Tuesday, June 21, 2022

Resilience in High School Students: Can They Obtain It?

Anyone who works with teenagers on a regular basis will report the divide between those who have resilience and those who don’t. The American Psychological Association defines resilience as:

Resilience is the process and outcome of successfully adapting to difficult or challenging life experiences, especially through mental, emotional, and behavioral flexibility and adjustment to external and internal demands.

The question poses itself: if some people aren’t resilient, can those people become resilient? Mary Pipher writes:

Resilience is not a fixed trait and we can master the skill of resilience in the same ways we learn to cook, drive, or do yoga. Growth isn’t inevitable.

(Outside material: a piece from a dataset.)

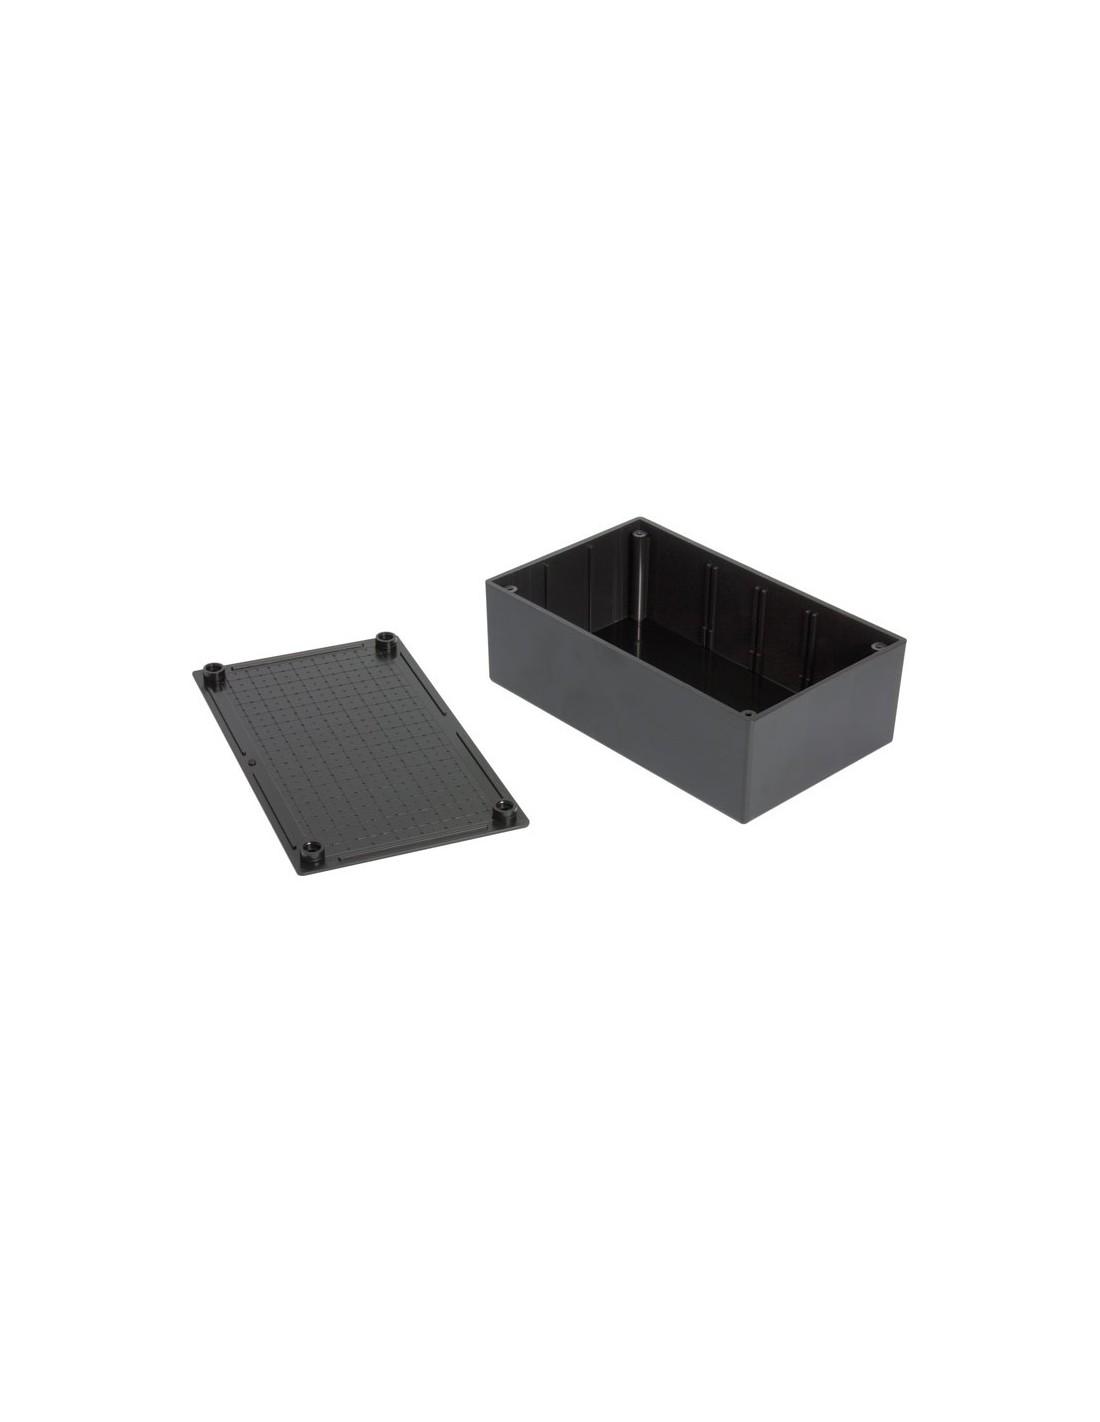 Cm024 caja de plastico 130x70x45mm electr nica y mas - Cajas de plastico ...

Those who don’t develop resilience will “remain locked in their smallest selves cosseted by blankets of familiar but outdated ideas,” or,

Others wither emotionally over time and deal with life’s many body blows by becoming more isolated and self-involved.

In an educational setting, resilience is the ability to focus one’s self on one’s work, even if the last piece of work went badly, and even if this piece of work isn’t easy, or isn’t likely to be completed perfectly.

Resilience is the ability to override one’s emotions and direct one’s self to one’s duty — to get the job done — to “just do it,” in the words of the famous advertising slogan.